- Plymouth Drake in Devon, showing boundaries used from 1983 to 1997.
- County: Devon

1974–1997
- Seats: One
- Created from: Plymouth Sutton and Plymouth Devonport
- Replaced by: Plymouth Sutton

1918–1950
- Seats: One
- Created from: Plymouth
- Replaced by: Plymouth Sutton and Plymouth Devonport

= Plymouth Drake =

UK Parliament constituency (1918–1950, 1974–1997)

Plymouth Drake was a borough constituency in the city of Plymouth, in Devon. It elected one Member of Parliament to the House of Commons of the Parliament of the United Kingdom by the first-past-the-post system of election.

==History==
The first Drake constituency was created for the 1918 general election, and abolished for the 1950 general election. For most of this time it was held by the Conservative Party. It was a Labour gain in the Attlee landslide of 1945, although it had been held by Labour once before, in the 1929–31 Parliament.

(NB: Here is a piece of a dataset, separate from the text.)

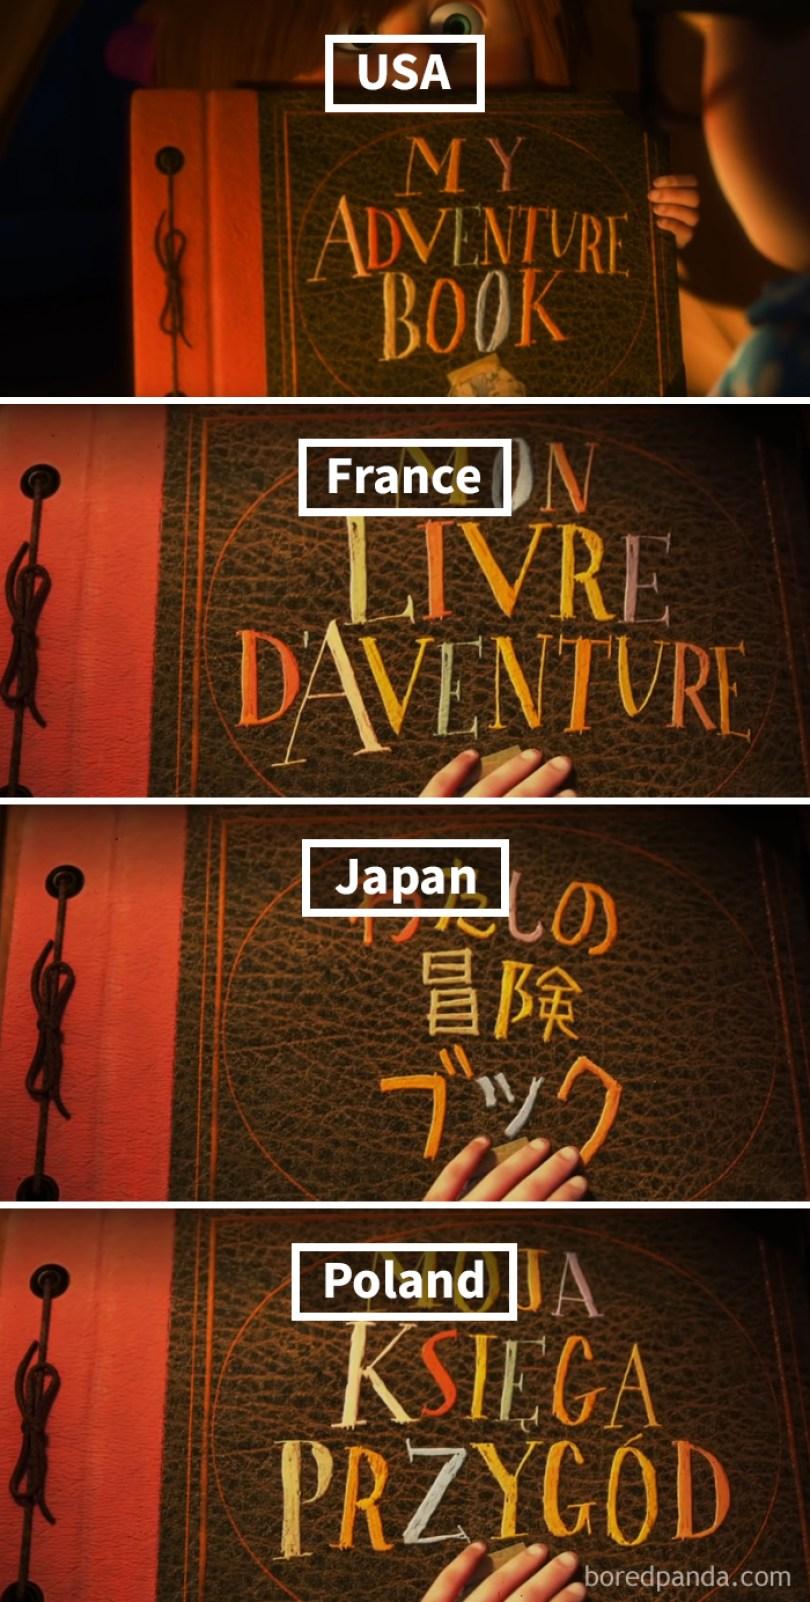 5fbf6576c3978 14 5fbd1344ea84f  700 - Detalhes que a Pixar e a Disney mudaram em seus filmes em países diferentes

The second incarnation of the constituency was created for the February 1974 general election. For the whole of its 23-year existence it was represented by just one MP, Dame Janet Fookes of the Conservative Party. It was always a marginal seat during this period, but Dame Janet managed to survive many strong challenges at each general election she fought, including winning with a majority of just 34 in October 1974 – making Drake the most marginal Conservative seat at that election. She served as a Deputy Speaker of the House to Betty Boothroyd from 1992 until she retired from the Commons in 1997.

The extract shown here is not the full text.